La franchise issue de The Big Bang Theory continue de grossir. HBO Max a déjà renouvelé Stuart Fails to Save the Universe, alors que sa saison 1 n’est qu’à moitié diffusée.
En bref
- HBO Max commande déjà une saison 2
- Seulement quatre épisodes sont sortis
- Le multivers ouvre la porte aux retours
Le vrai message, il est là. Quand une plateforme renouvelle une série alors que sa première saison n’est même pas arrivée au bout, c’est rarement un geste poli. Pour Stuart Fails to Save the Universe, HBO Max a déjà validé une saison 2, alors que seulement quatre épisodes ont été mis en ligne.

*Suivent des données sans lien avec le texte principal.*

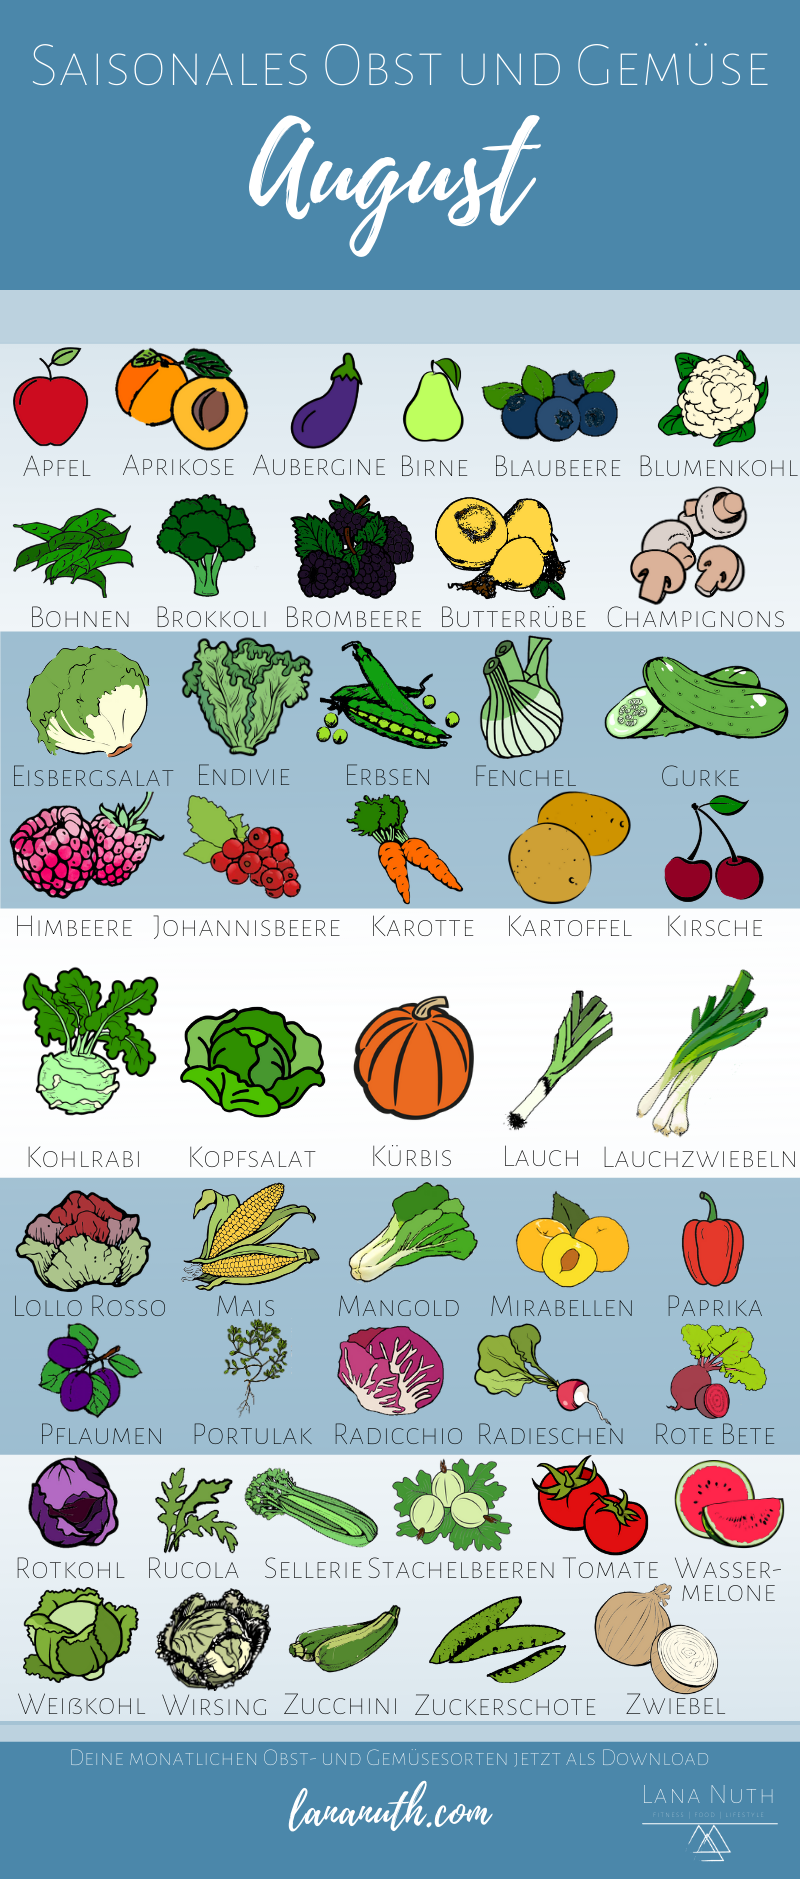 Saisonales Obst und Gemüse im August

Un renouvellement qui tombe très tôt
Il reste encore cinq épisodes à diffuser, avec un final prévu le 24 septembre, et de nouveaux chapitres arrivent chaque jeudi sur HBO Max. Dans l’économie actuelle du streaming, où les séries ont souvent très peu de temps pour convaincre, ce calendrier pèse lourd.
Résultat ? Le spin-off envoie un signal assez net sur sa santé. Et ce n’est pas juste une impression. Warner affirme, via un communiqué, que la série signe le deuxième plus gros lancement mondial d’une comédie dans l’histoire de HBO Max. Pour une branche aussi inattendue de l’univers The Big Bang Theory, c’est loin d’être anodin.

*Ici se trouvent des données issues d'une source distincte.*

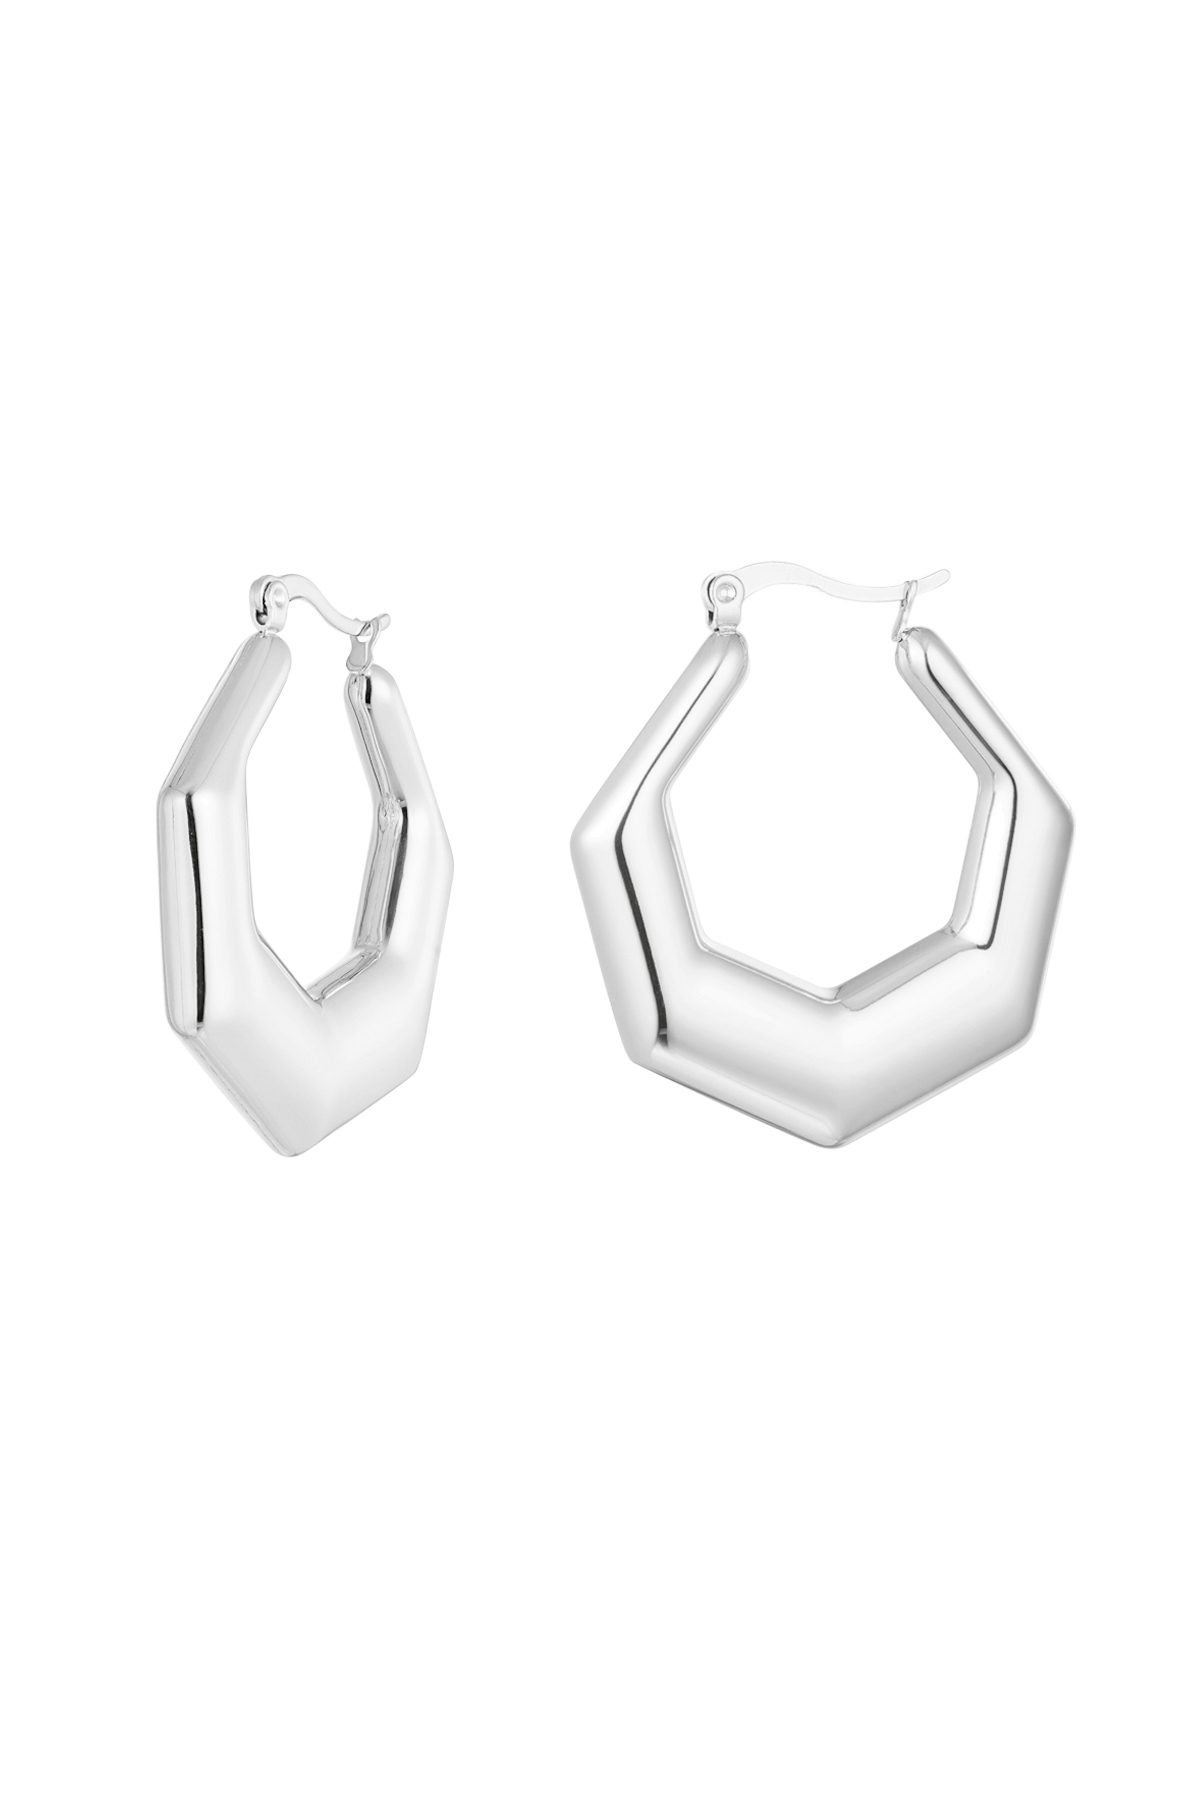 Sechseckige Ohrringe – Silber h5

La franchise change enfin de genre
Depuis la fin de The Big Bang Theory en 2019, la franchise s’était surtout étendue avec Young Sheldon, puis Georgie et Mandy’s First Marriage. Des séries qui restaient dans un terrain familier. Cette fois, le mouvement est différent.
Stuart Fails to Save the Universe, lancée plus tôt cet été, prend des personnages secondaires de la série originale, Kevin Sussman en Stuart, Lauren Lapkus en Denise, Brian Posehn en Bert et John Ross Bowie en Kripke, puis les propulse dans une vraie logique de science-fiction. Pas juste un clin d’œil geek. Une série pensée autour du multivers. Clairement, c’est la première fois que cet univers tente quelque chose d’aussi frontalement décalé.

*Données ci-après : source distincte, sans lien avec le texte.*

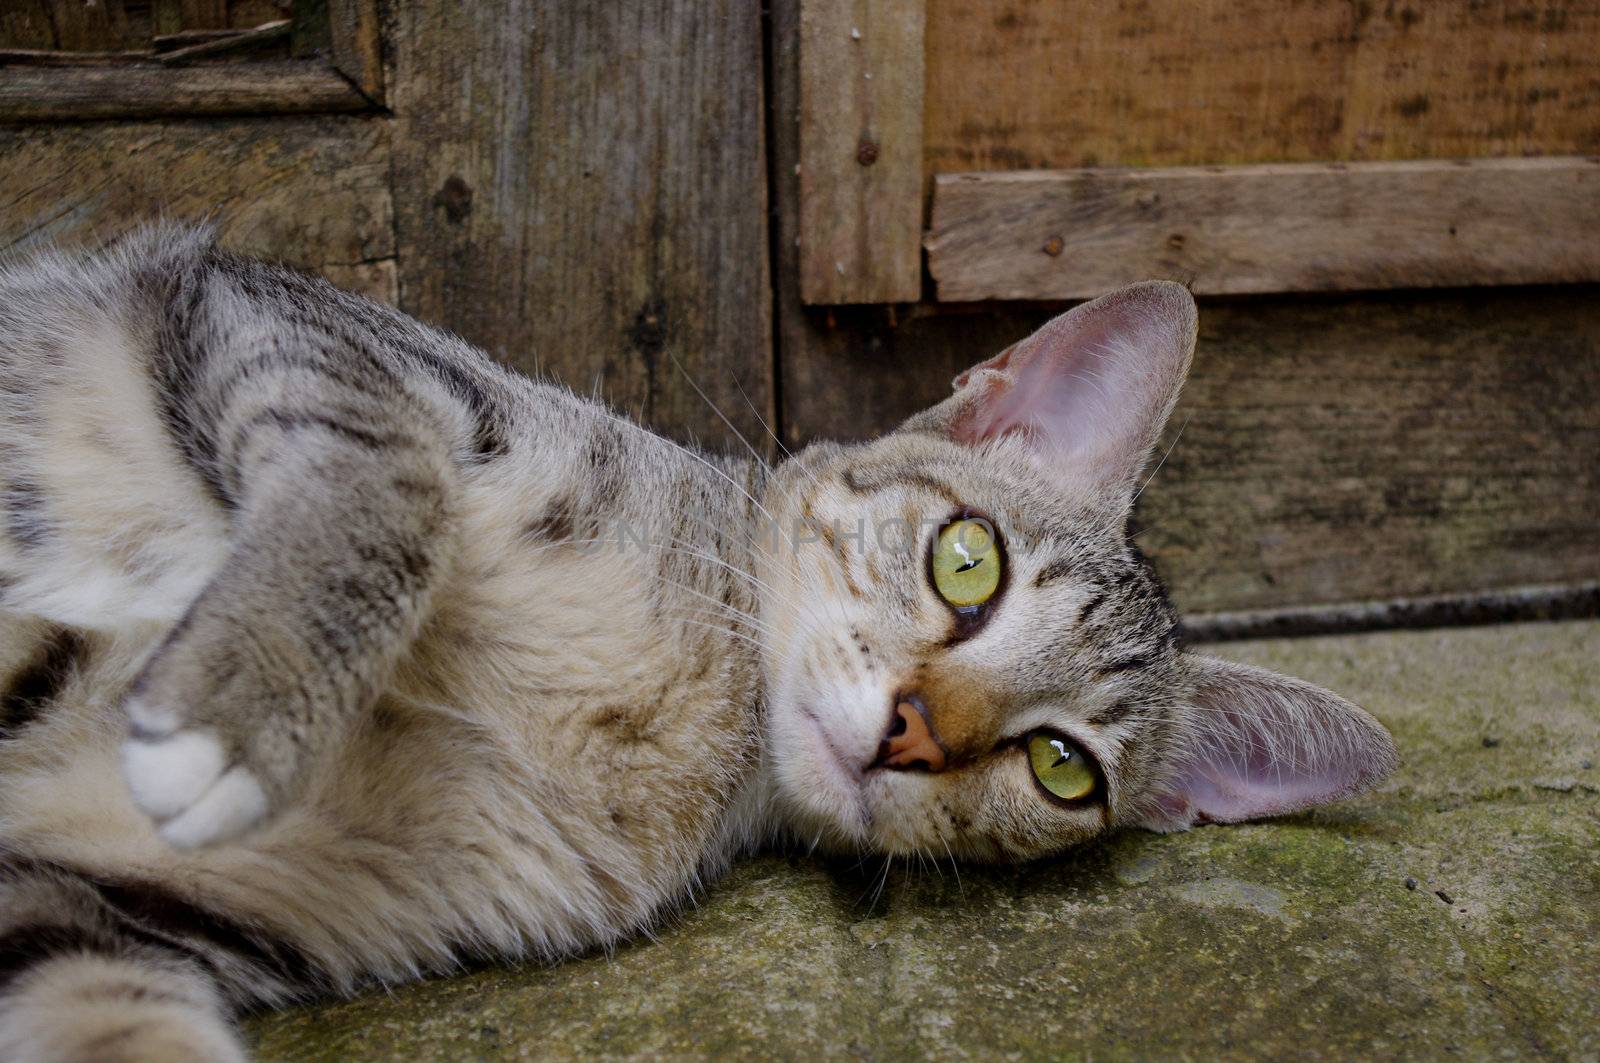 Cat lying outside in front of wooden door.

Les caméos deviennent l’arme du multivers
Le premier épisode l’a montré tout de suite, avec des versions alternatives de Stuart et de Raj. Ce détail change beaucoup de choses, parce qu’il confirme que les personnages suivis ici ne sont pas exactement ceux de la série mère.
Du coup, tout l’intérêt devient narratif. Si les héros sautent d’un univers à l’autre, d’autres visages peuvent revenir presque sans limite. La saison s’est déjà offert Zack, mais aussi une version de Penny, jouée par Kaley Cuoco, dans un registre qui évoque clairement Sarah Connor. Et pour obtenir ces apparitions, Chuck Lorre résumait la méthode ainsi : « Vous demandez. Vous décrochez le téléphone et vous dites, pourriez-vous envisager de le faire ».
Pourquoi ce feu vert compte vraiment
Ce renouvellement dit quelque chose de plus large que le simple sort de Stuart. Channing Dungey, patronne de Warner Bros. Television Group et des réseaux américains de WBD, explique que l’équipe menée par Chuck Lorre, Zak Penn et Bill Prady a livré une lecture originale de cette franchise, et que le public a suivi avec enthousiasme.
On pouvait s’attendre à une extension prudente. C’est presque l’inverse qui se passe. La marque The Big Bang Theory ne se contente plus d’exister par nostalgie, elle teste maintenant jusqu’où un univers de sitcom peut s’étirer sans perdre son identité. C’est souvent là que les franchises tiennent, ou cassent.